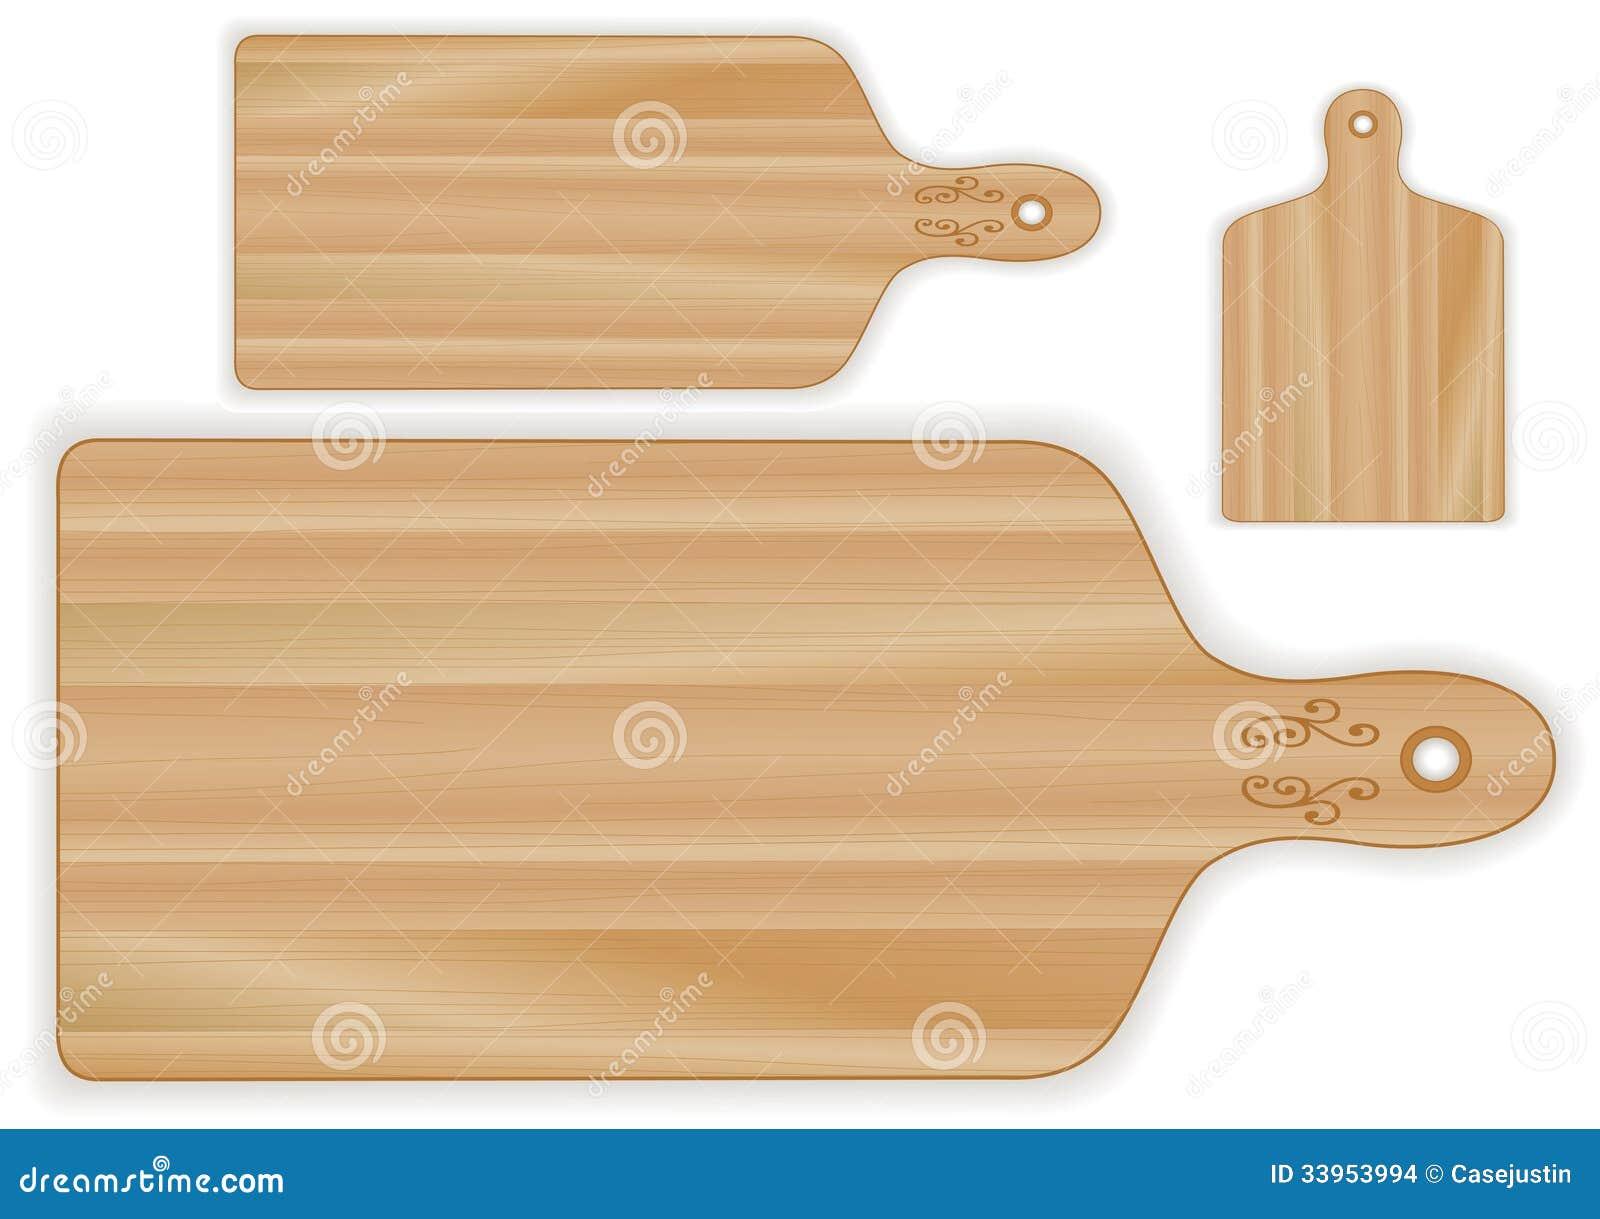 Grande Planche En Bois > Planchesà Découper En Bois, Formes De Palette Images stock Image 33953994
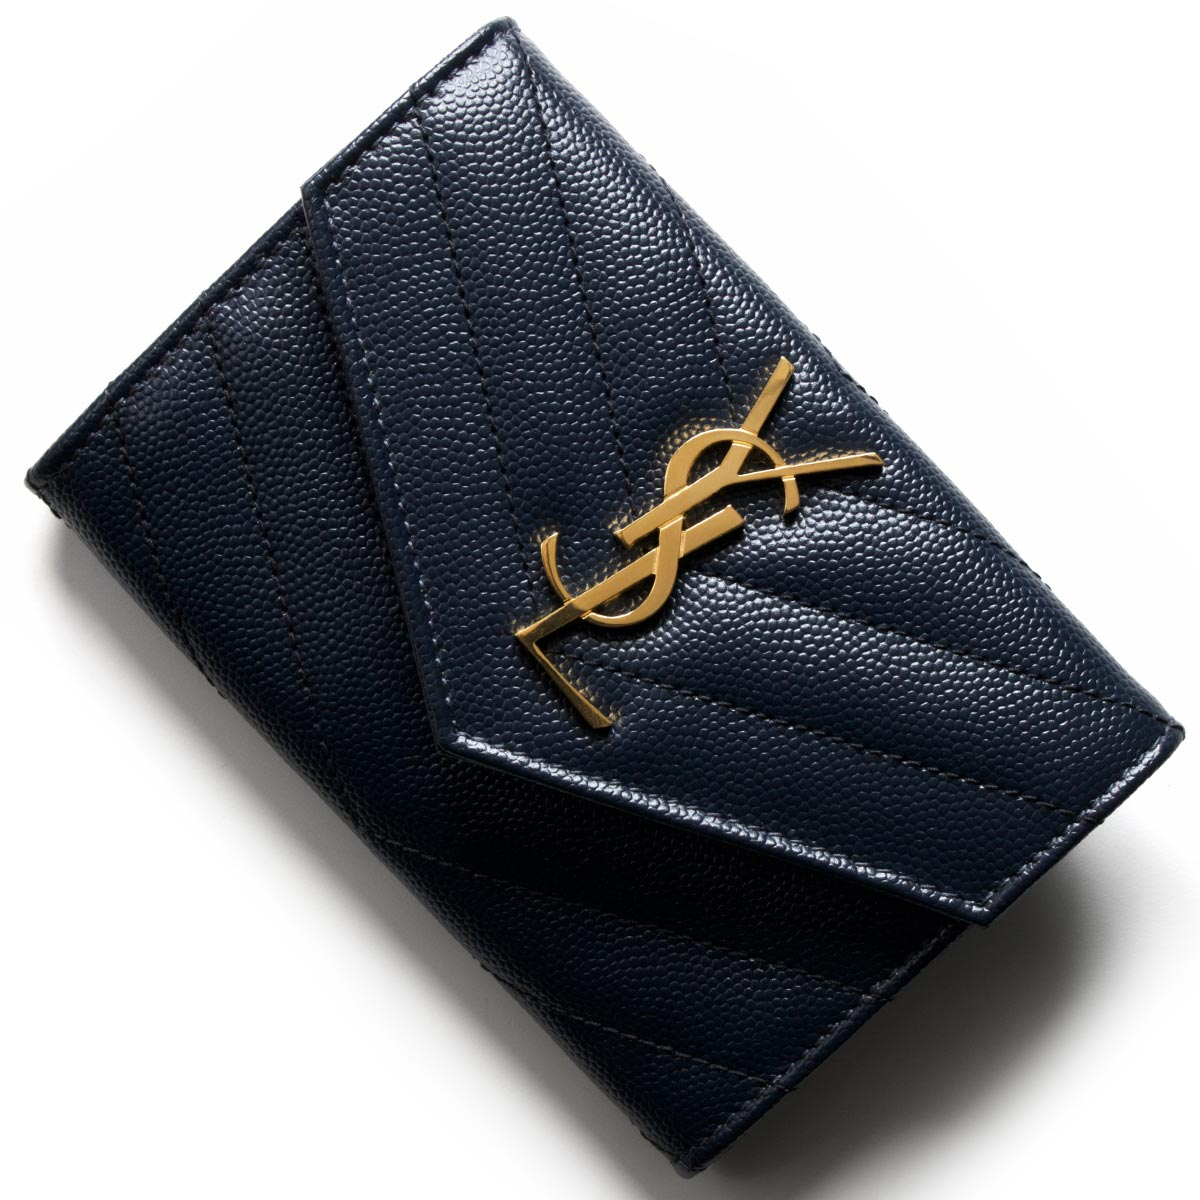 サンローランパリ イヴサンローラン カードケース/名刺入れ レディース モノグラム YSL ダークブルー 414404 BOW01 4128 SAINT LAURENT PARIS
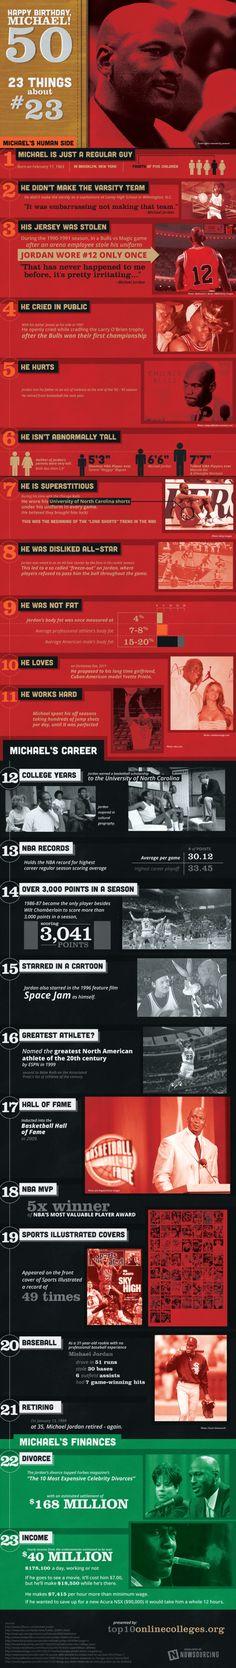 Infographic: Michael Jordan vs. Kobe Bryant vs. LeBron James ...
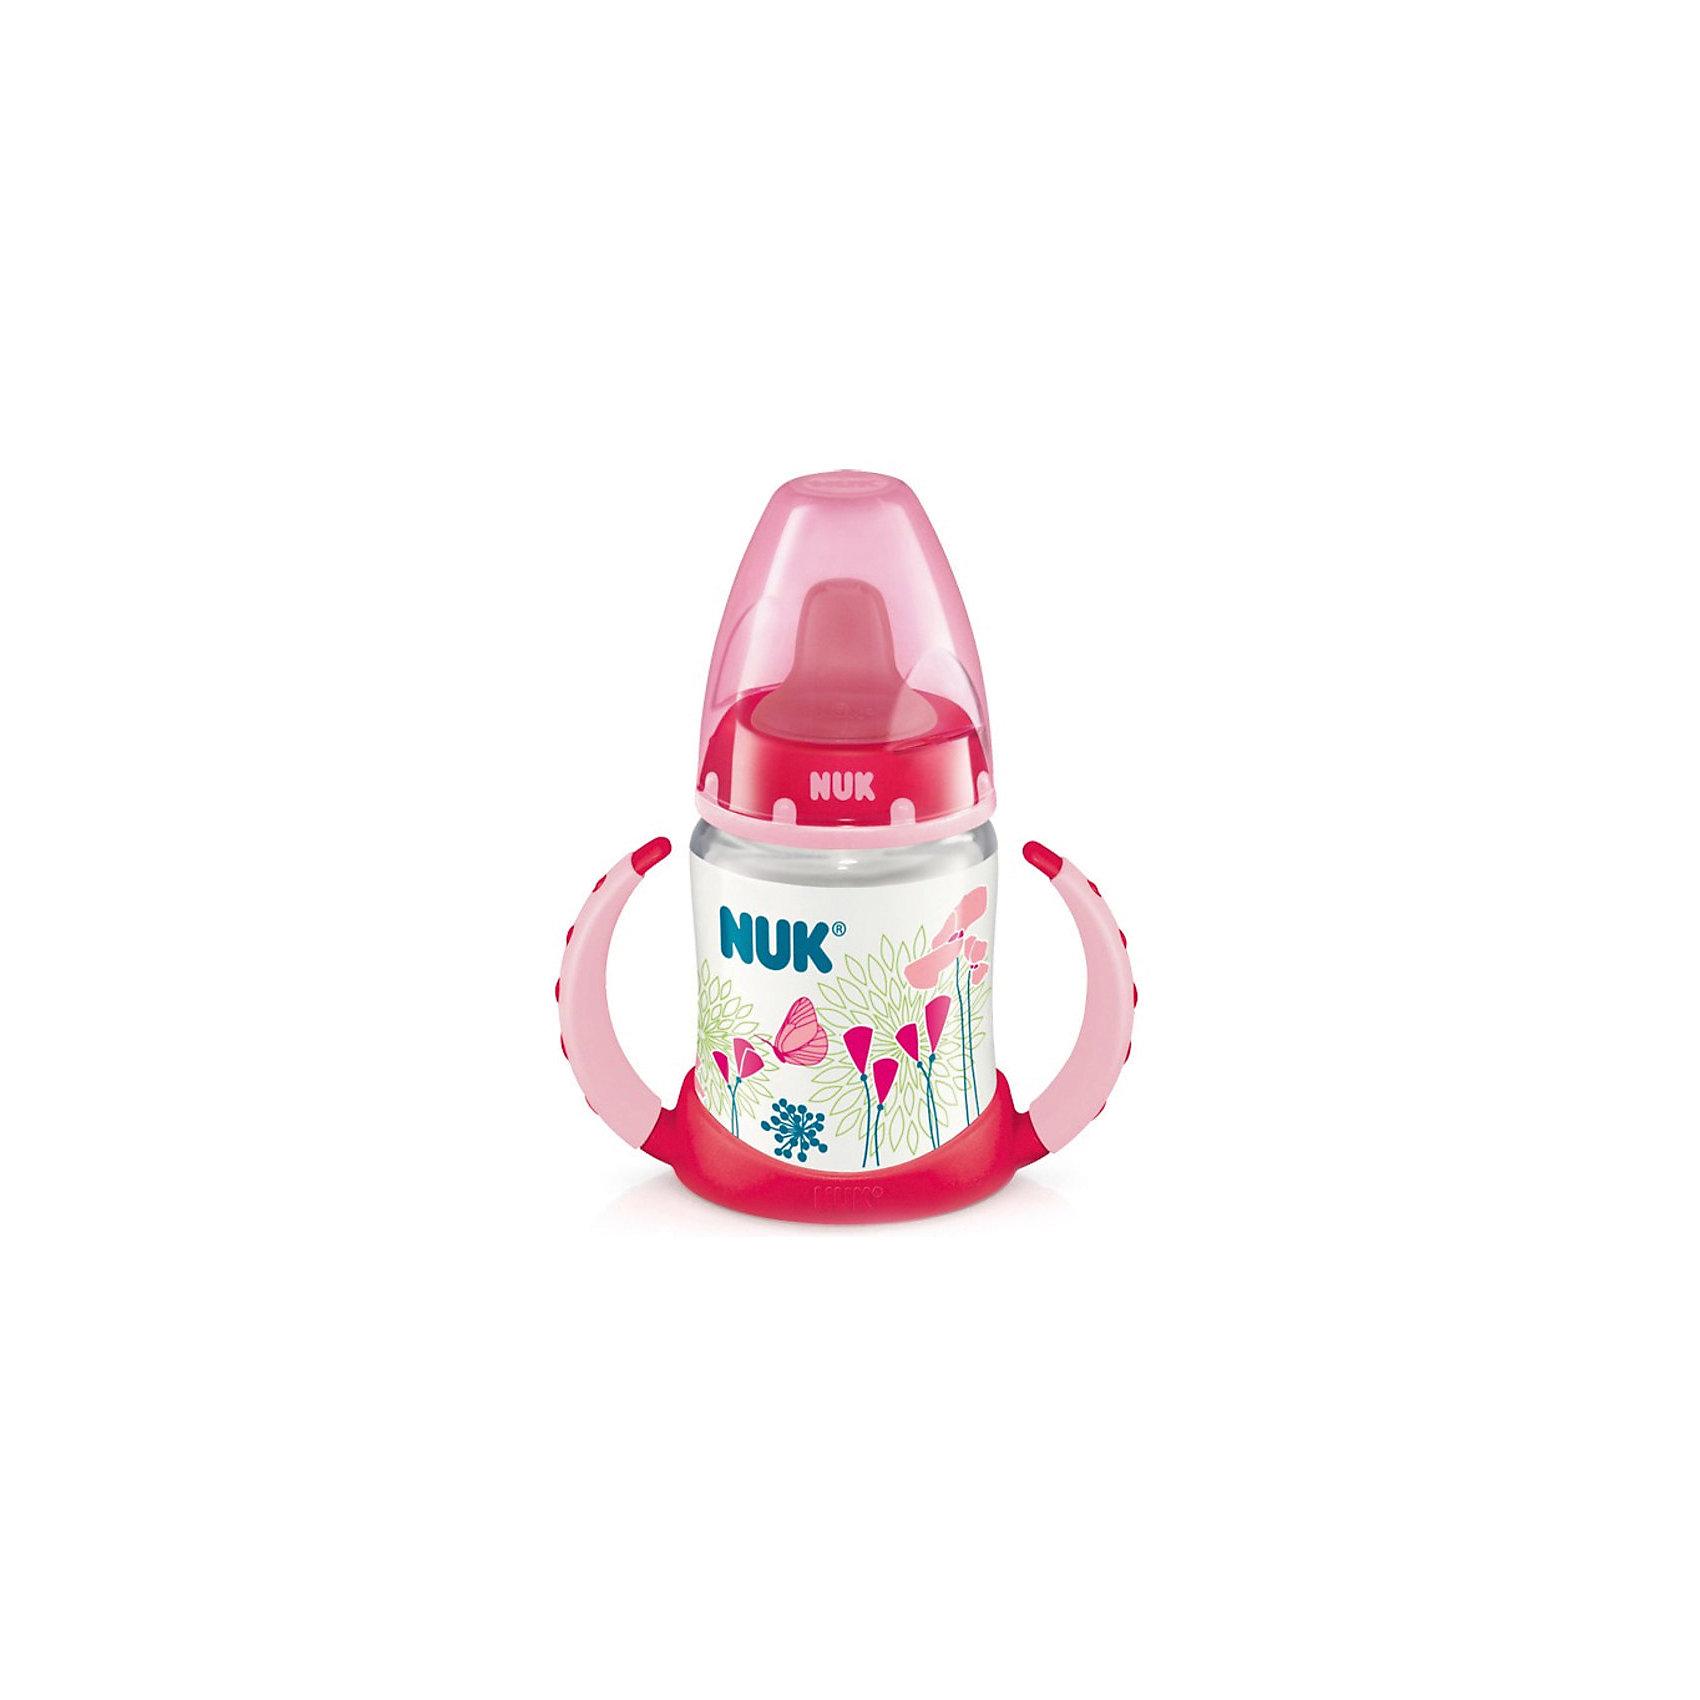 Бутылочка First Choice-поильник пласт. 150 мл., NUK, розовыйХарактеристики изделия:<br><br>- объем: 150 мл;<br>- цвет: розовый;<br>- материал: силикон, пластик;<br>- широкое горло;<br>- нескользящие ручки эргономичной формы;<br>- система NUK Air System;<br>- возраст: 6-18 месяцев.<br><br>Детские товары существенно облегчают жизнь молодым мамам. Существует множество полезных в период материнства вещей. К таким относится обыкновенная пластиковая бутылочка-поильник. <br>Данная модель оптимально подходит для детей. Мягкий материал соски подойдет для ротовой полости ребенка. Предмет удобно держать. Бутылочка легко очищается от любых поверхностных загрязнений, так как имеет удобное широкое горлышко. Оптимальный объем позволит использовать бутылочку для малышей от шести месяцев до полутора лет.<br><br>Бутылочку First Choice-поильник от производителя NUK можно купить в нашем магазине.<br><br>Ширина мм: 120<br>Глубина мм: 65<br>Высота мм: 185<br>Вес г: 133<br>Возраст от месяцев: 6<br>Возраст до месяцев: 18<br>Пол: Унисекс<br>Возраст: Детский<br>SKU: 5065241

__________

In the answer, set down only the lines from the opening line of the listing through the line that holds "Infographic: Michael Jordan", exactly as they appear, minus the pictures.

 Grande Planche En Bois > Planchesà Découper En Bois, Formes De Palette Images stock Image 33953994
 サンローランパリ イヴサンローラン カードケース/名刺入れ レディース モノグラム YSL ダークブルー 414404 BOW01 4128 SAINT LAURENT PARIS
 Infographic: Michael Jordan vs. Kobe Bryant vs. LeBron James ...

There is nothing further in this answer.